Additionally it required the data and labels to be available as follows:
1. the batch data is located in a `data` folder next to the notebook
2. the label information is stored as `labels.csv` next to the notebook

In [None]:
import pandas as pd
import numpy as np
import os
import math

import tensorflow as tf
from tensorflow.keras.models import Sequential
from tensorflow.keras.layers import Dense, LSTM
from tensorflow.keras.callbacks import EarlyStopping, ModelCheckpoint
from sklearn.model_selection import train_test_split


### Load Data

First the data needs to be loaded (first codeblock) and then go through some minor transformations before building the training, test and validation datasets. For this purpose all data is loaded into a flat dataframe that includes the batch and corresponding label in addition to the actual features `zeit`, `sensorid` und `messwert`. In preparation for the model training the `zeit` is transformed to float values and the data types of 

In [None]:
# parse the labels.csv
labels = pd.read_csv('labels.csv', index_col=0)
labels = labels.sort_values('id')

# grab filenames from the data directory
filenames = os.listdir('data')
filenames.sort()

dataframes = []

# parse and concatenate all csv files into df
for filename in filenames:
  if filename.endswith('.csv'):
    batch = pd.read_csv(os.path.join('data',filename), index_col=0)
    batch['batch'] = int(filename.replace('.csv', ''))
    dataframes.append(batch)

df = pd.concat(dataframes, ignore_index=True)

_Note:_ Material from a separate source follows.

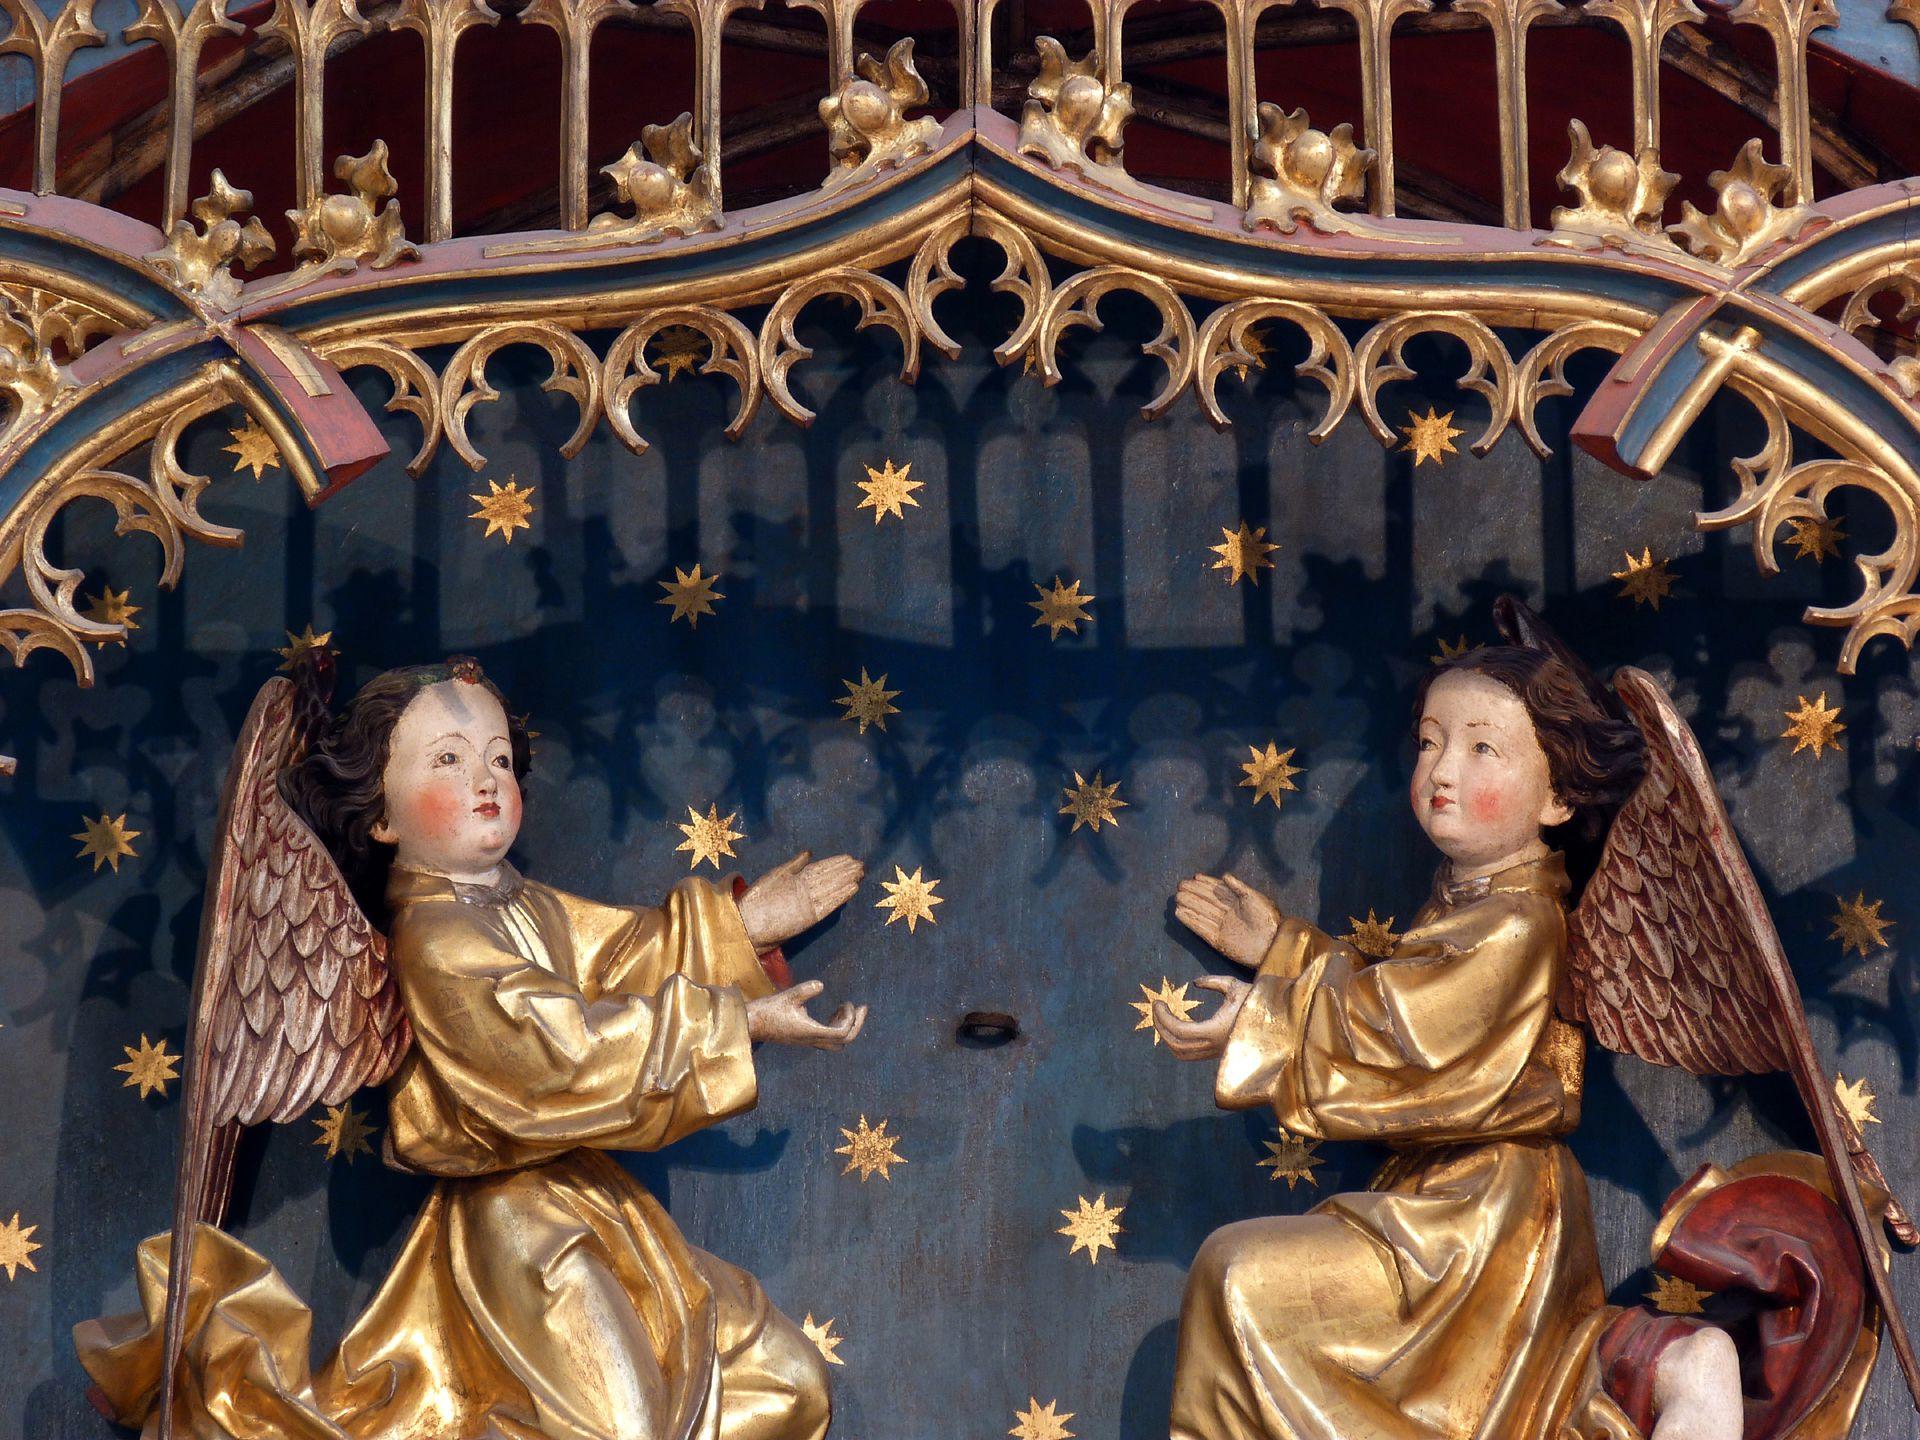 Petersaltar Schrein, Krönungsengel (die päpstliche Tiara, die sie trugen, ist in der Reformationszeit entfernt worden)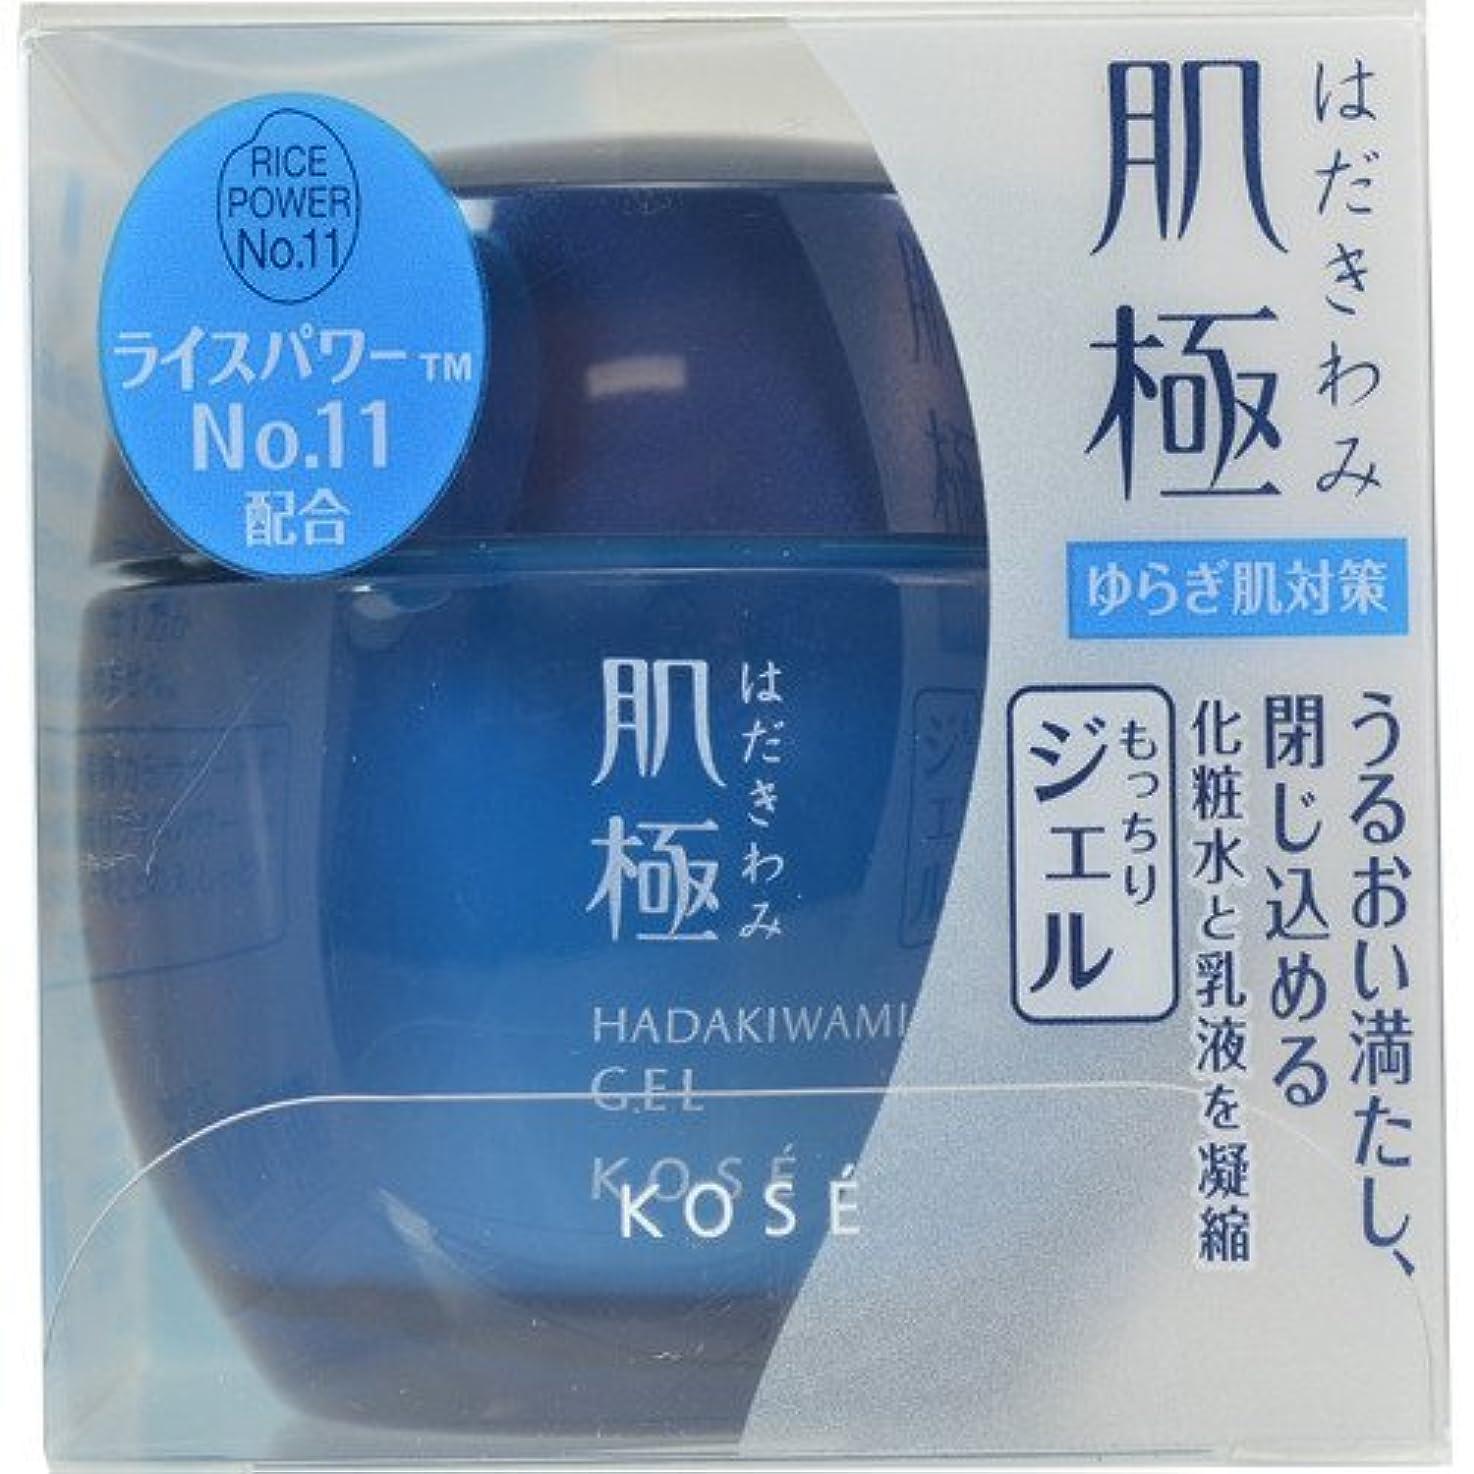 プランターマナー湿った肌極 化粧液(ジェル) 40g [並行輸入品]

# clean up original dataframes
del dataframes

# add label column (if it is not already available)
if (not 'label' in df.columns):
  df = df.merge(labels, left_on=["batch"], right_on=["id"])


In [None]:
def time_to_float(inputstr):
  hours, minutes, seconds = map(float, inputstr.split(':'))

  # return hours * 3600 + minutes * 60 + seconds
  # this is sufficient because hours should always be 0
  return minutes * 60 + seconds

if (not df['sensorid'].dtype == 'int'):
  df['sensorid'] = df['sensorid'].astype('int')
if (not df['label'].dtype == 'category'):
  df['label'] = df['label'].astype('category')
if (not df['zeit'].dtype == 'float64'):
  df['zeit'] = df['zeit'].apply(time_to_float)

# print(df[:10])
# print(labels[:10])


### Prepare Training Data

In [None]:
SEQUENCE_LENGTH = 256

sequences = []
sequence_labels = []

# build sequences based on chosen sequence length
for batch, readings in df.groupby('batch'):
  readings = readings.sort_values('zeit')
  for i in range(0, len(readings) - SEQUENCE_LENGTH, SEQUENCE_LENGTH):
    sequence = readings.iloc[i:i + SEQUENCE_LENGTH]
    sequences.append(sequence[['zeit', 'sensorid', 'messwert']].values)
    sequence_labels.append(sequence['label'].values[0])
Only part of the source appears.